I ran into this issue, with my cluster becoming very unstable, and dqlite going to 100% on the leader node, and kubelite constantly crashing.

I ran the query:
select TIME(),max(id)-(SELECT crkv.prev_revision FROM kine crkv WHERE crkv.name = 'compact_rev_key') from kine;

The result was 50-100k records and it was trending upwards slowly.

I did some of the dqlite recovery suggestions from the blog post (copying the files from the most current dqlite node to the others) and that didn't seem to help.

However, what did seem to help is stopping kubelite on all nodes, and then just leaving dqlite running. The uncompacted record count gradually trended downwards. The dqlite process eventually dropped below 100% CPU and the NVMe went to 100%, so it became IO-bound instead of CPU-bound. The uncompacted record count dropped to a few thousand. For some reason the memory use on that process started climbing and I had to restart the unit when it got to 28GB of RAM. Then a new leader took over, and went to 100% CPU and the record count went all the way back up to 90k or so. However, it eventually dropped and seemed stable.
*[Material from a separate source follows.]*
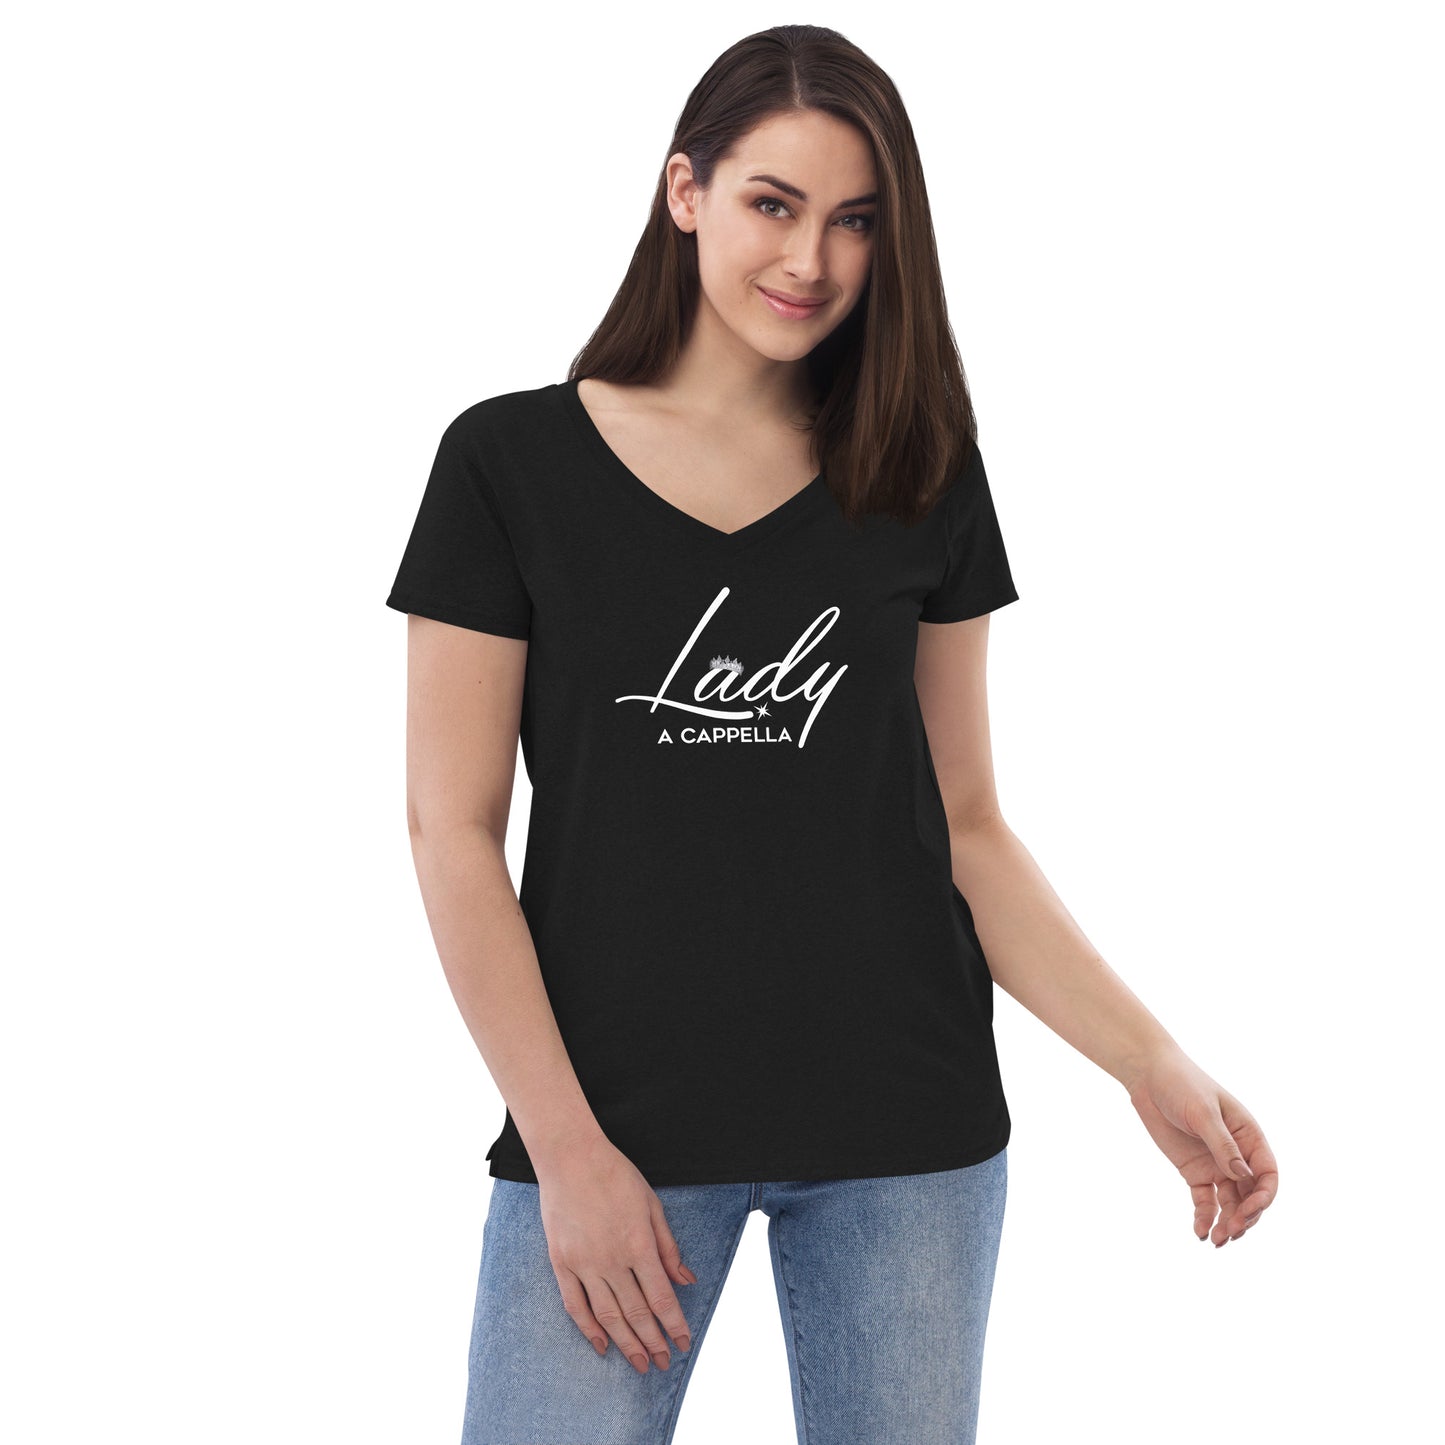 Lady A Cappella - Women’s recycled v-neck t-shirt

At this point I restarted kubelite and for the most part it ran. API calls (eg kubectl get nodes) returned results very quickly - previously it would take maybe 10+ seconds to return (not normal in this cluster).

However, I suspect there is some kind of damage within the database as API calls return data that appears incorrect. For example, I'm running rook, and it looks like all my OSDs are running (ceph status reports this). However, a dump of the OSD pods from kubectl lists many as terminating/pending. The processes are clearly running.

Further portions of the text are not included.